Dienstag, 7. Juli 2020

Eine ungewöhnliche Krise und die Macht des Staates


Es ist ein offenes Geheimnis, dass das keine gewöhnliche Krise ist. 

Die GFC von 2008-2009 war ein Nachfrage-Schock. Die Corona-Virus Krise von 2020 ist ein Angebot-Schock. Eine Krise, die der Realwirtschaft entsprungen ist und dann auf die Finanzmärkte übergegriffen hat.

Es handelt sich dabei um ein abruptes Ausschalten („lockdown“) der Volkswirtschaften, angeordnet durch die Behörden, gefolgt von einem relativ abrupten Wiedereinschalten („reopening“).

Und wir haben zwei Arten von Arbeitsplatzverlusten gesehen, wie Bloomberg berichtet. Zum einen durch das Corona-Virus und zum anderen durch die wirtschaftliche Notlage. 

Die erste Kategorie betrifft Menschen, die wegen der Nähe zum Kunden ihre Stelle vorübergehend haben verlassen müssen: Restaurants, Fitness Center, Friseur-Laden usw. Die zweite Kategorie hingegen erfasst den Verlust von Arbeitsplätzen aufgrund der wirtschaftlichen Schrumpfung. 


Das weltweite reale BIP-Wachstum, Graph: JPMorgan Asset Management, July 01, 2020


Denn in einer schweren Krise bremsen die Banken die Kreditvergabe. Verbraucher schränken die Ausgaben ein. Die Unternehmen halten sich mit Investitionen zurück. Die Arbeitslosigkeit steigt an. Und die Ungleichheit nimmt zu.

Warum erholen sich Volkswirtschaften aber nicht schnell (V-förmig) von Zusammenbrüchen. 

Keynes nennt dazu zwei Gründe: Der erste ist, dass jeder Produzent auch ein Konsument ist. Eine Senkung der Produktionskosten (sprich: Löhne) senkt gleichzeitig die Kaufkraft der gesamten Gemeinschaft.

Letztendlich flacht der Einbruch ab, da die Ersparnisse der Menschen durch die wachsende Armut verringert werden, wenn nichts passiert, um die Nachfrage anzukurbeln.

Die seltsame Vorstellung, dass der Weg zur Wiederbelebung der Wirtschaft darin besteht, alle dazu zu bringen, die Ausgaben zu kürzen, kommt nur den EU-Behörden in den Sinn, wie wir sie zumindest seit der GFC 2008-2009 erlebt haben (Sparparadoxon;  auf Englisch: „paradox of thrift“).

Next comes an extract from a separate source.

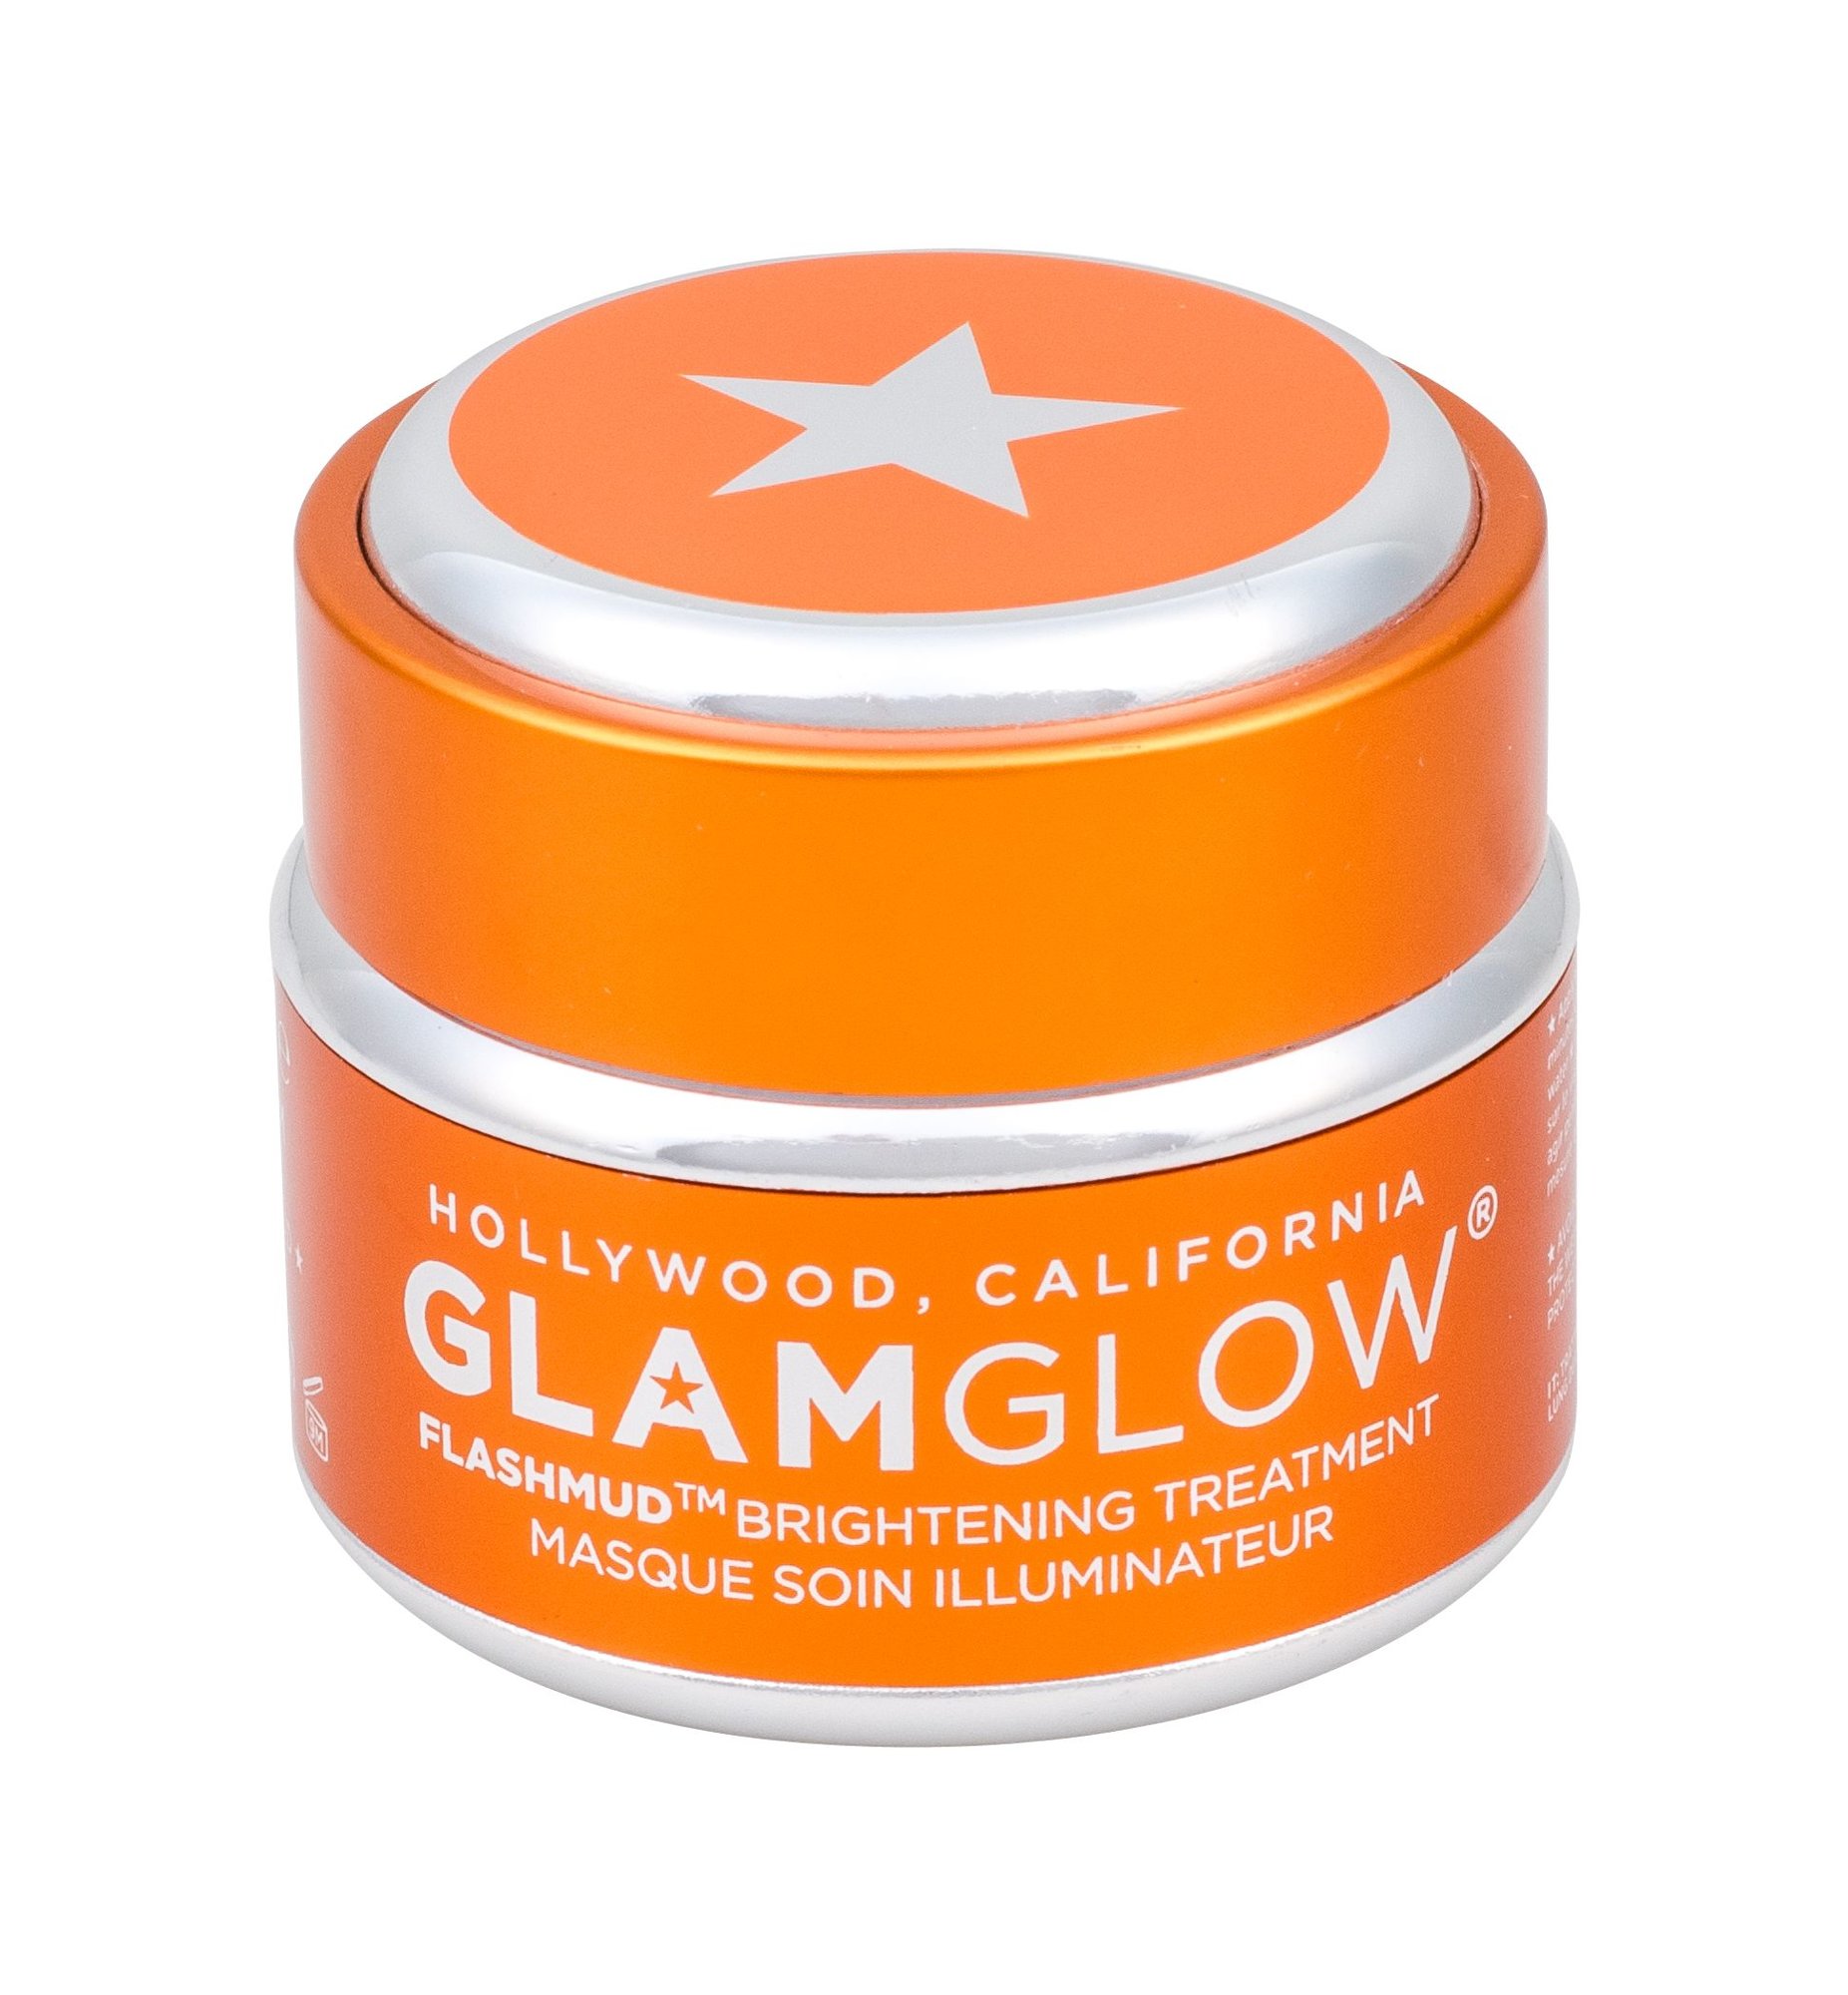 Glam Glow Flashmud Brightening Treatment

Die Komponenten des US-BIP, Graph: JPMorgan Asset Management, July 01, 2020


Die Entscheidungsträger in den fortentwickelten Industrieländern versuchen heute mit der Geldpolitik die „Wall Street“ zu retten. Und sie setzen zugleich die Fiskalpolitik ein, um der "Main Street" unter die Arme zu greifen.

Da es sich hier nicht um eine gewöhnliche Rezession handelt (d.h. nicht Nachfrage-getrieben), stellen die Regierungen eine wichtige Form der Katastrophen-Hilfe bereit.

Der größte Vorteil einer Zentralbank in einer solchen Krise ist, dass sie Geld drucken kann. Das ist ein mächtiges Werkzeug, und Zentralbanken sollten bereit sein, dieses Werkzeug einzusetzen. Wir müssen einen sozialen Zusammenbruch vermeiden, wie Maurice Obstfeld, der ehemalige Chef-Volkswirt des IMF gesagt hat.

Die Menschen wünschen sich eine öffentliche Autorität, die sie vor dem systemischen Risiko schützt, das ihnen der Marktfundamentalismus auferlegt.

Wie Eric Lonergan und Mark Blyth in ihrem neuen BuchAngrynomics“ argumentieren, hat die Kombination von ungünstigen wirtschaftlichen Entwicklungen mit offensichtlichen Ungerechtigkeiten viele Menschen verärgert.

Die Reaktion auf die Coronavirus-Krise hat gezeigt, was die Ideologie lange verneint hat: die Macht des Staates für positive Veränderungen.